"Clavó sus uñas en mi culo y descendió con la boca abierta arriba, abajo, arriba, abajo"

Mi historia es de verano, pero nada que ver con playa o montaña. Purito asfalto, 3 de agosto, Bravo Murillo, Madrid. Acabo de dejar a mis padres en casa tras una revisión vespertina del médico. Antes de enfilar hacia casa, no muy lejos de la de mis padres, decido darme un homenaje en forma de cervezota en un bar de Estrecho. Bebo y saco mi libro, ese que no ha leído ni Cristo, de un tal Larsson. “¿Te está gustando, sabes que el asesino es…?”. Me quedo a cuadros . “Joder tía, ¿cómo puedes ser tan z…?”. Pude ver a mi vecina (de barrio, no de bloque) antes de acabar el insulto y logré contenerme.

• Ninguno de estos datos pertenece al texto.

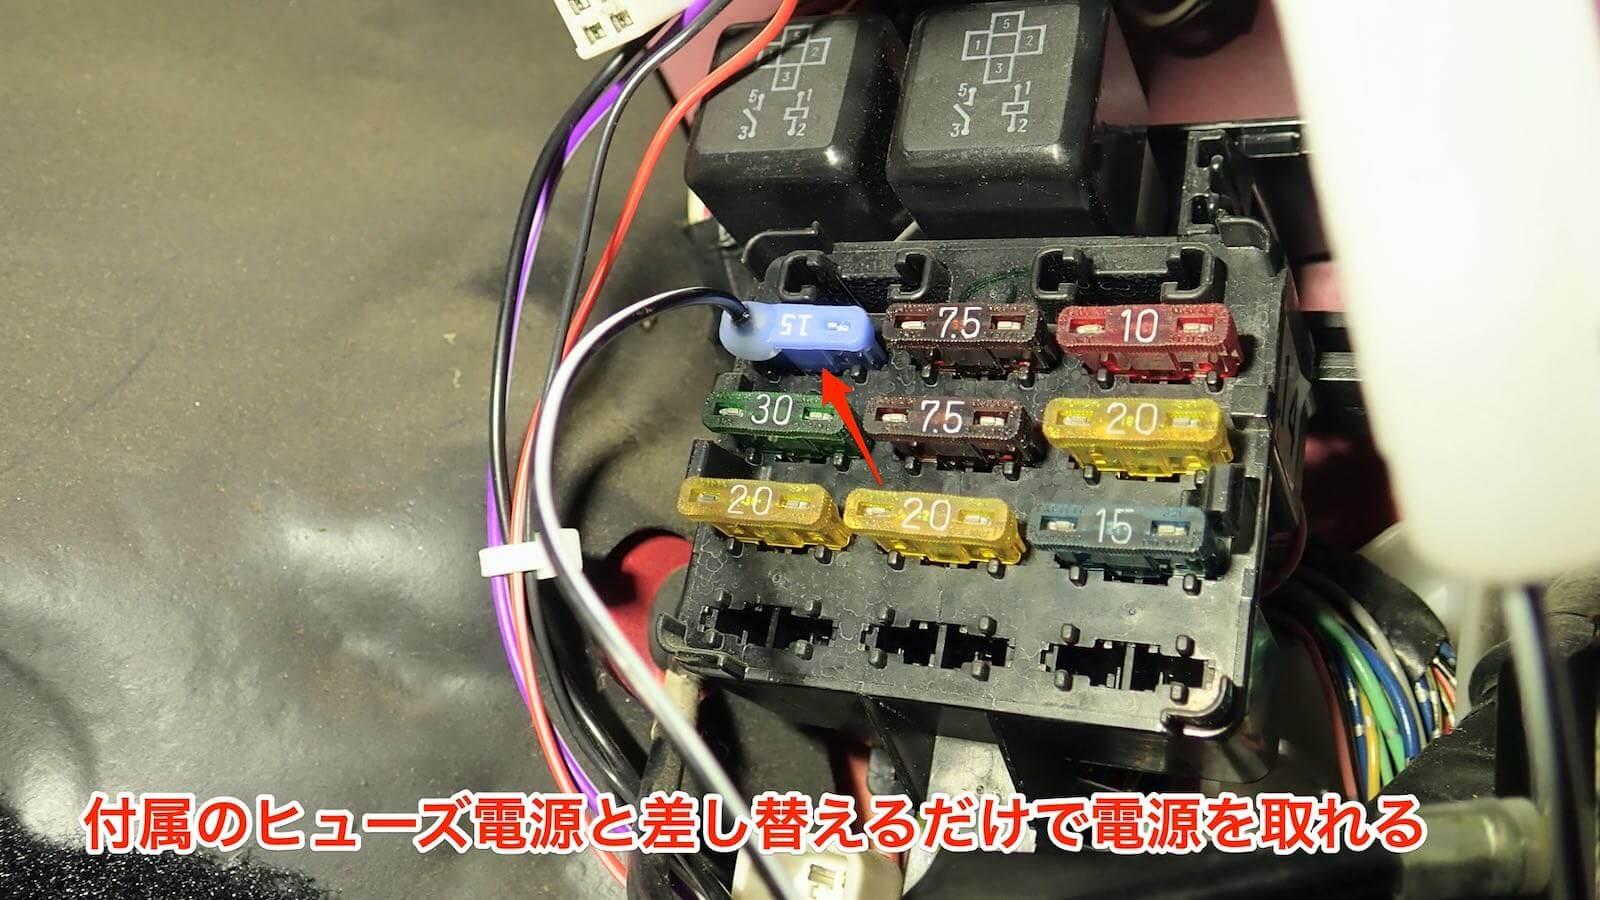 Amon Power Socket 1542 Power Extract

“Lo siento. Después de esta cabronada tendrás que compensarme, ¿no?”, bromeé. “Me llamo Marta, ¿dónde quieres que te compense?”. ‘Uf, Juan, dónde te estás metiendo’. “Eh, bueno, mira, da igual…”. Marta se acercó a mi oído y posó su mano sobre mi pecho: “Insisto, vecino, dónde quieres que te compense”.

(Abro paréntesis para decir que Marta ni es guapa ni tiene medidas perfectas, por si me está leyendo, que creo que sí. Es más bien culona, con dos tetas bien puestas, eso sí, y el pelo muy negro. Pensé que se daba un aire a la actriz que interpreta a Lisbeth Salander en Los hombres que no amaban a las mujeres).

Me cogió de la mano y me llevó hasta su portal, no muy lejos de allí. Con la misma energía con la que me arrastró a su casa –“tú, vecino, no te preocupes por nada”- puso la mano en mi paquete. Abrió la puerta sin para ello apartar su mano de mi polla y me lanzó hacia la cama. Clavó sus uñas, negras y largas, en mi culo y descendió con la boca abierta, arriba, abajo, arriba, abajo. Dejó sus bragas y su sujetador color violeta –‘alivio de luto’, pensé riéndome- sobre una silla y con un cierto mimo que me sorprendió. Y luego me folló con todas las de la ley, moviendo las caderas pausadamente, rápido después, de nuevo con calma, otra vez aprisa hacia el vértigo. Gimió calladamente en mi oído. Estuvimos cinco minutos en silencio sepulcral. “Eh…”. Cerró mi boca con su índice y con la otra mano me indicó la salida. “Sé que te llamas Juan, y sé que no te quiero volver a ver. Ah, el que te dije no era ese el asesino, es…”. Desde el otro lado grité: “¿Cómo puedes ser tan zoooooorra?”.